Tel Aviv could lose its status as a UNESCO World heritage Site if it goes through with redevelopment plans.
Property owners, the city’s engineer and Education Minister Gideon Sa’ar of the Likud party, have expressed objections to the plans, according to Globes business newspaper. Sa’ar is president of UNESCO Israel and warned that the urban renewal plans are “liable to harm Israel’s commitments to UNESCO to preserve Tel Aviv’s ‘White City’ as a world heritage site.”
The term “White City” refers to more than 4,000 Bauhaus or International style buildings built in Tel Aviv from the 1930s by German Jewish architects who immigrated to Israel, at that time under the British Mandate of Palestine.
Tel Aviv has more Bauhaus style buildings than any other city in the world.

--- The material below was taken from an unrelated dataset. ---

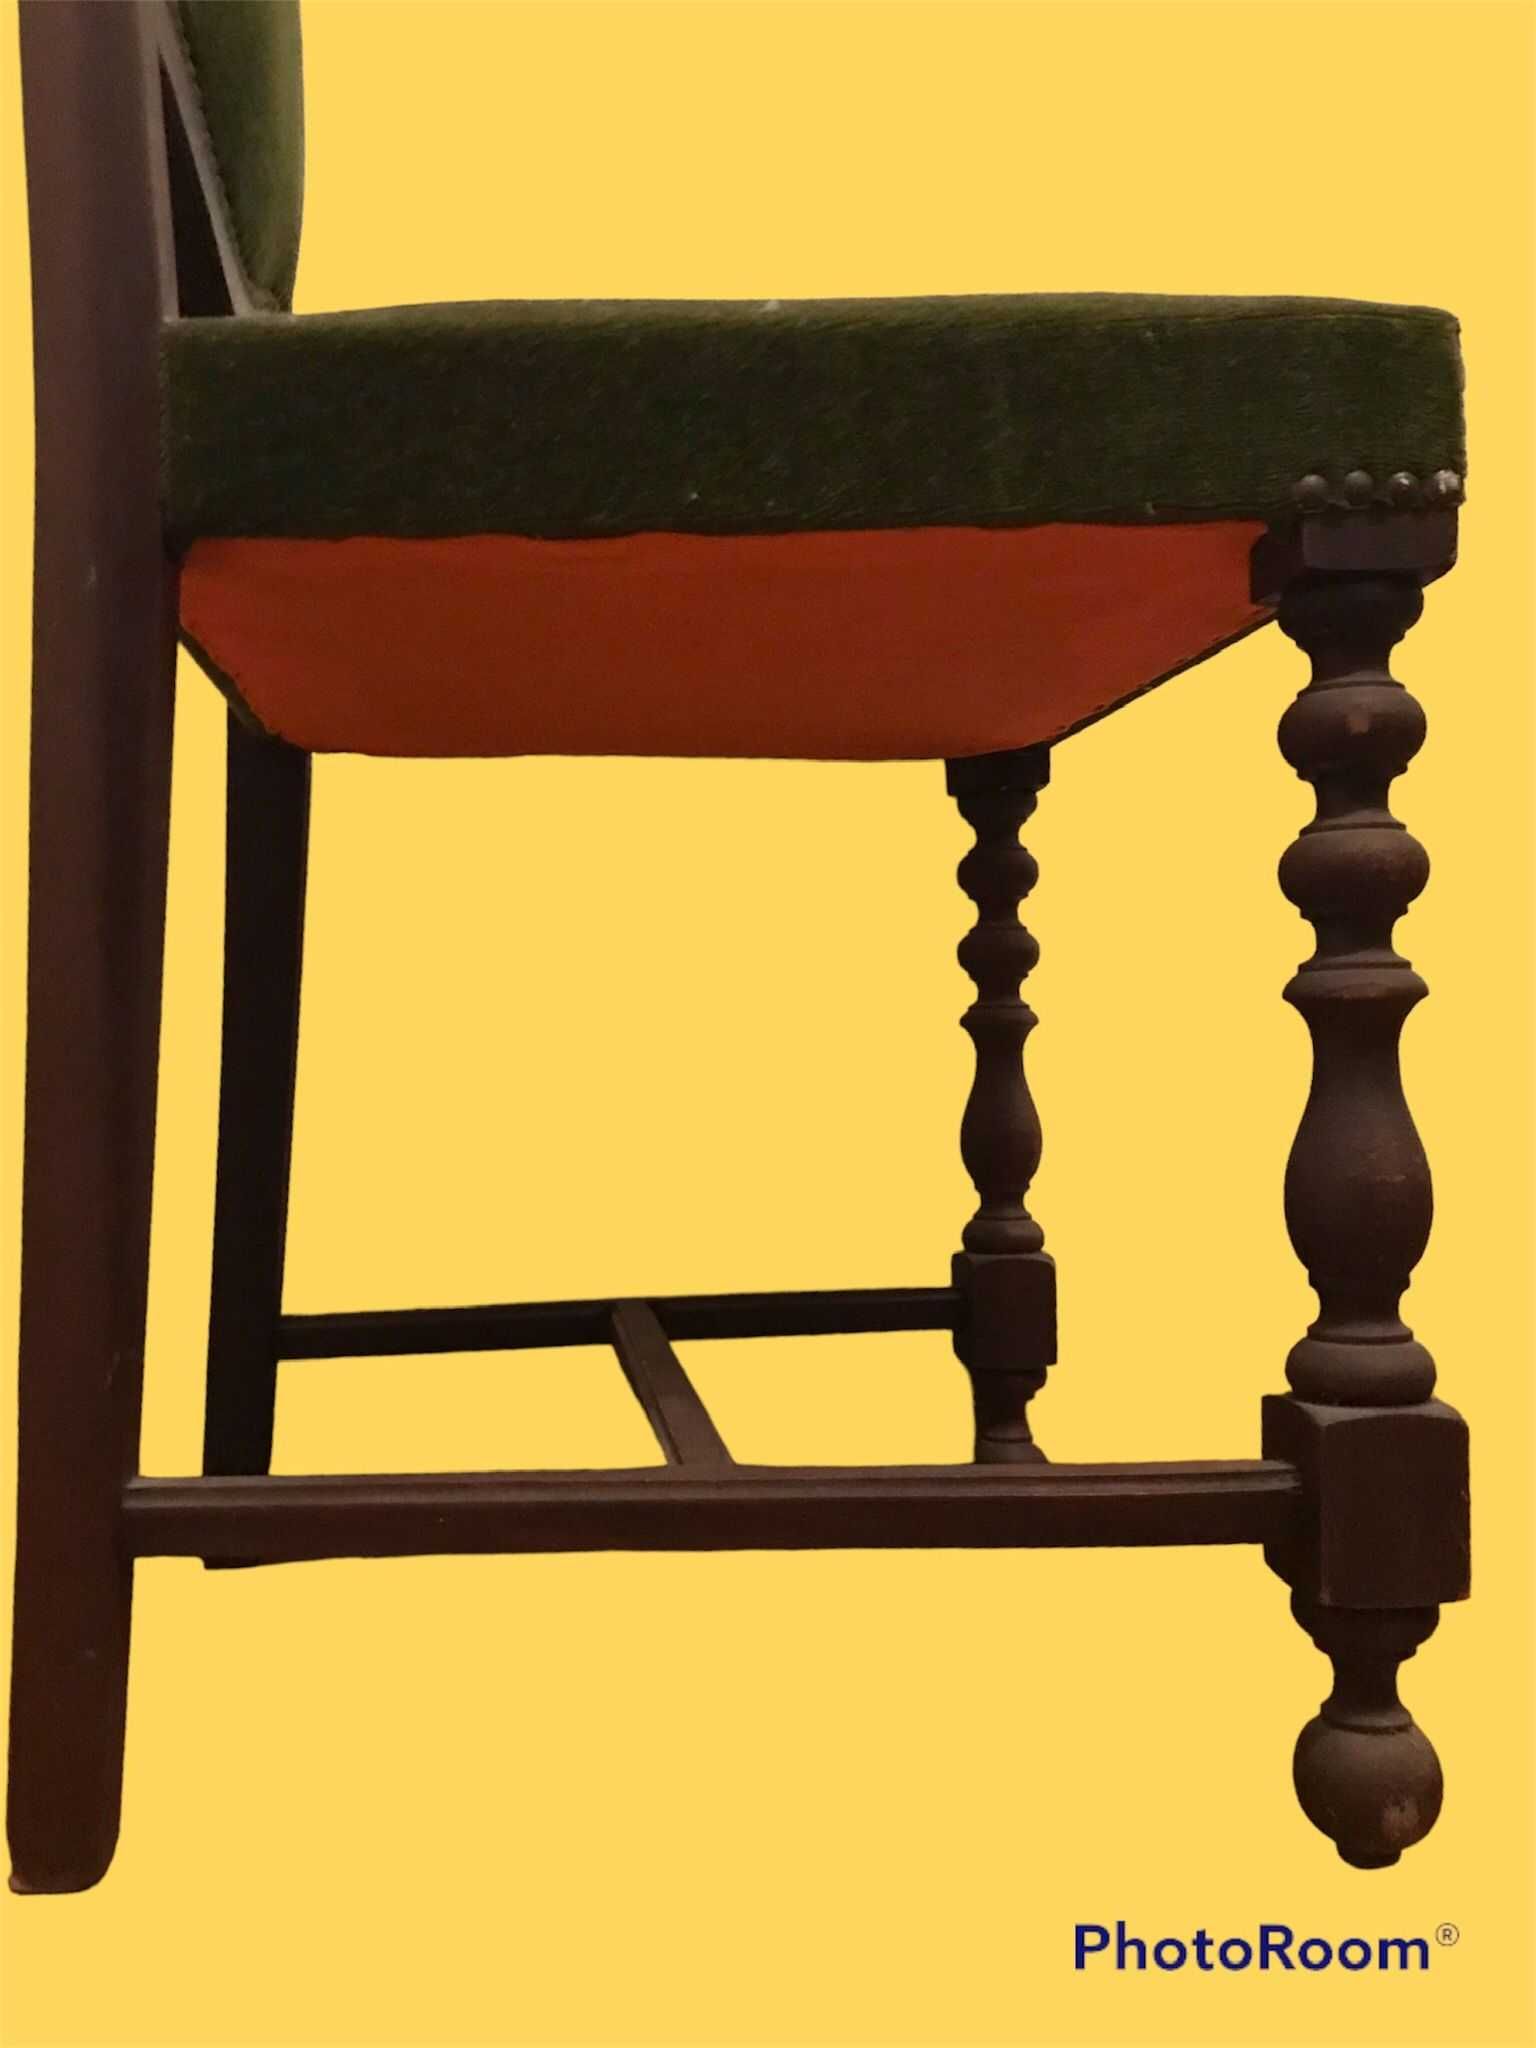 2 cadeiras de madeira antigas, vintage, forro verde, veludo

The architectural style was prominent in pre-Nazi Germany and favors functionality at the cost of ornamentation, uses asymmetry and focuses on space rather than mass.
UNESCO declared the White City a World Heritage site in 2003, noting the “outstanding example of new town planning and architecture in the early 20th century.”
Tel Aviv city engineer Oded Gvuli said that the city’s plans do not preserve the site’s character but added that the plans are subject to UNESCO’s approval, which he thinks is unlikely.